当我们创建List和Set的单个实例,然后在每次搜索中重复使用它们时会发生什么?
Let’s give it a try:
让我们试一试吧。
public void searchArrayReuseList() {
List asList = Arrays.asList(SearchData.strings);
for (int i = 0; i < SearchData.count; i++) {
asList.contains("T");
}
}
public void searchArrayReuseSet() {
Set asSet = new HashSet<>(Arrays.asList(SearchData.strings));
for (int i = 0; i < SearchData.count; i++) {
asSet.contains("T");
}
}
We’ll run these methods with the same JMH annotations as above, and include the results for the simple loop for comparison.

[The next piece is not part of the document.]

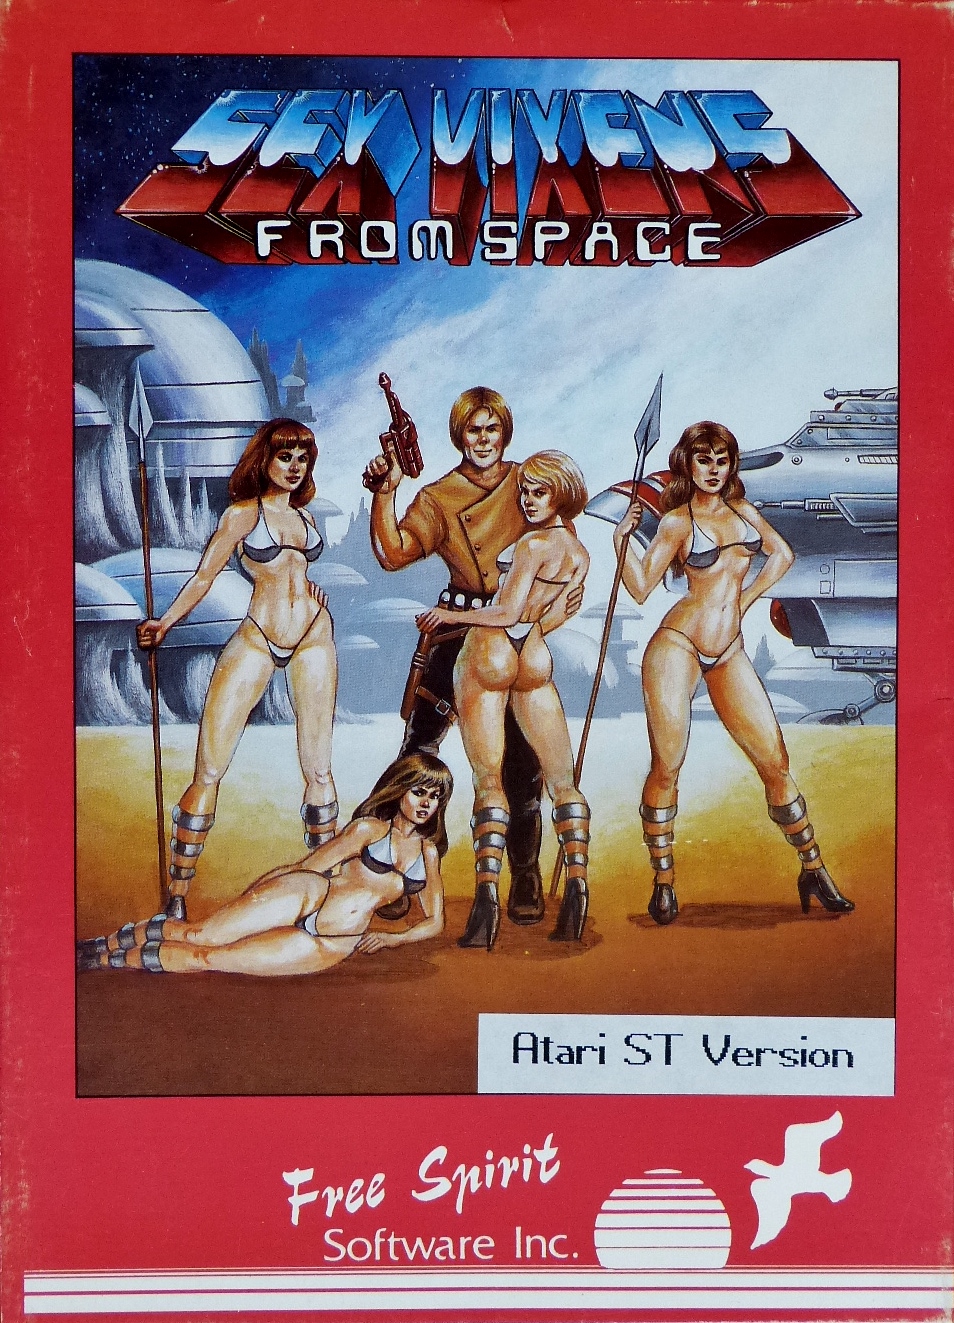 Computer Game Museum Display Case - Sex Vixens from Space

我们将用与上面相同的JMH注释来运行这些方法,并包括简单循环的结果以进行比较。
We see very different results:
我们看到非常不同的结果。
SearchArrayTest.searchArrayLoop avgt 20 758.060 ± 9.433 us/op
SearchArrayTest.searchArrayReuseList avgt 20 837.265 ± 11.283 us/op
SearchArrayTest.searchArrayReuseSet avgt 20 14.030 ± 0.197 us/op
While searching the List is marginally faster than before, Set drops to less than 1 percent of the time required for the loop!
虽然搜索List的速度比以前略快,但Set的时间降到了循环所需的1%以下!。
Now that we’ve removed the time required for creating new Collections from each search, these results make sense.
现在,我们已经从每次搜索中删除了创建新收藏所需的时间,这些结果是有意义的。
Searching a hash table, the structure underlying a HashSet, has a time complexity of 0(1), while an array, which underlies the ArrayList is 0(n).
搜索哈希表(HashSet的基础结构)的时间复杂度为0(1),而作为ArrayList基础的数组的时间复杂度为0(n)。
5. Binary Search
5.二进制搜索
Another method for searching an array is a binary search. While very efficient, a binary search requires that the array is sorted in advance.
另一种搜索数组的方法是二进制搜索。虽然非常有效,但二进制搜索需要事先对数组进行排序。
Let’s sort the array and try the binary search:
让我们对数组进行排序并尝试二进制搜索。
@Benchmark
public void searchArrayBinarySearch() {
Arrays.sort(SearchData.strings);
for (int i = 0; i < SearchData.count; i++) {
Arrays.binarySearch(SearchData.strings, "T");
}
}
SearchArrayTest.searchArrayBinarySearch avgt 20 26.527 ± 0.376 us/op
Binary search is very fast, although less efficient than the HashSet: the worst case performance for a binary search is 0(log n), which places its performance between that of an array search and a hash table.
二进制搜索是非常快的,尽管效率不如HashSet:二进制搜索的最坏情况下的性能是0(log n),这使其性能介于数组搜索和哈希表之间。
6. Conclusion
6.结论
We’ve seen several methods of searching through an array.
我们已经看到了几种搜索数组的方法。
Based on our results, a HashSet works best for searching through a list of values. However, we need to create them in advance and store them in the Set.
根据我们的结果,HashSet对于搜索一个值的列表来说效果最好。然而,我们需要提前创建它们,并将它们存储在Set.中。
As always, the full source code of the examples is available over on GitHub.
一如既往,这些示例的完整源代码可在GitHub上获得。